I don't see how overrall Devin is as good as Stack, and why Damp is so low, but overrall pretty true.


----------



## Saint Baller (May 3, 2006)

I think they are underrating J-Ho's ball handling, as well as Dirks. And Devin isn't as good as Stack yet. Also, when did we sign Ebi to the season, as far as I know we only signed him for the training camp.


----------



## Dre (Jun 20, 2003)

Pops and DW better be free agents so we can sign them...


----------



## xray (Feb 21, 2005)

Devin got a '93' on layups.

Seems like he's blown 93 layups. :whaasup:


----------



## Ninjatune (May 1, 2006)

bray1967 said:


> Devin got a '93' on layups.
> 
> Seems like he's blown 93 layups. :whaasup:


Same goes for Stack and his dunks...... :sigh:


----------



## Saint Baller (May 3, 2006)

68 for Dirk in layups?

I see I'm going to be doing alot of editing, not just for the Mavs though...


----------



## Dre (Jun 20, 2003)

The layup stat is made for guards.


----------



## StackAttack (Mar 15, 2006)

_Dre_ said:


> Pops and DW better be free agents so we can sign them...

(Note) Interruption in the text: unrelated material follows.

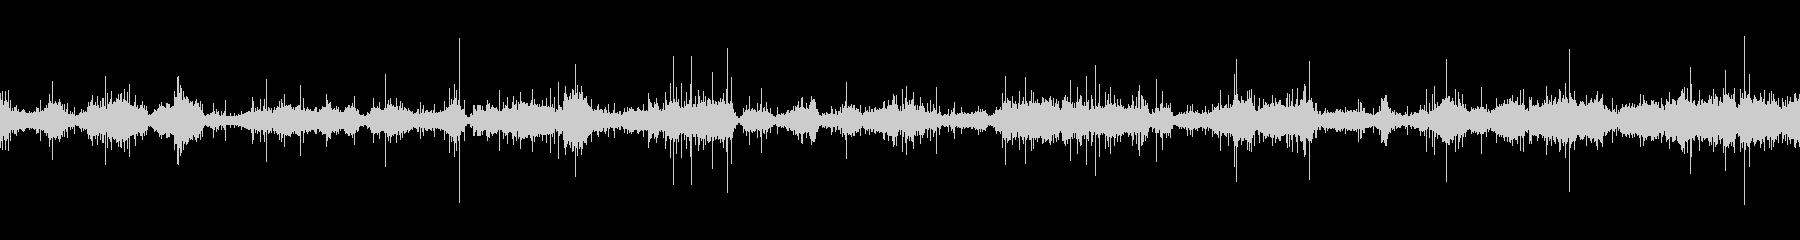 環境音「サラサラ…」3 静かな海(?!)の未再生の波形
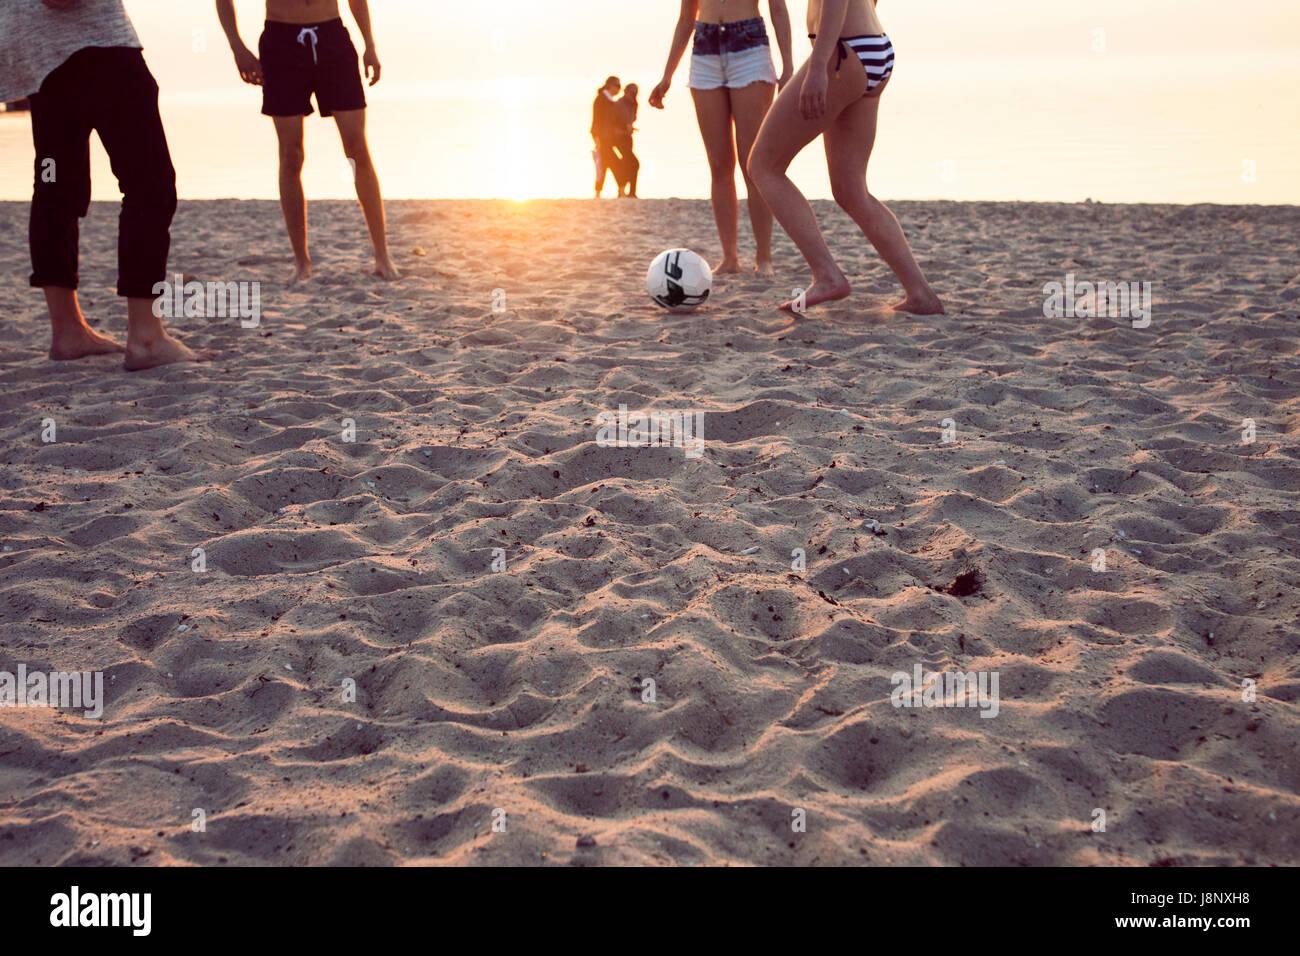 Les jeunes hommes, les jeunes femmes et teenage girl (16-17) jouant au football sur le sable au coucher du soleil Banque D'Images

Dre...Pops has been a Mav for like two months.


----------



## Dre (Jun 20, 2003)

StackAttack said:


> Dre...Pops has been a Mav for like two months.


 So what, those ratings are at the least usually done in August...


----------



## StackAttack (Mar 15, 2006)

Oh, yeah, I thought you thought Pops was still a FA.


----------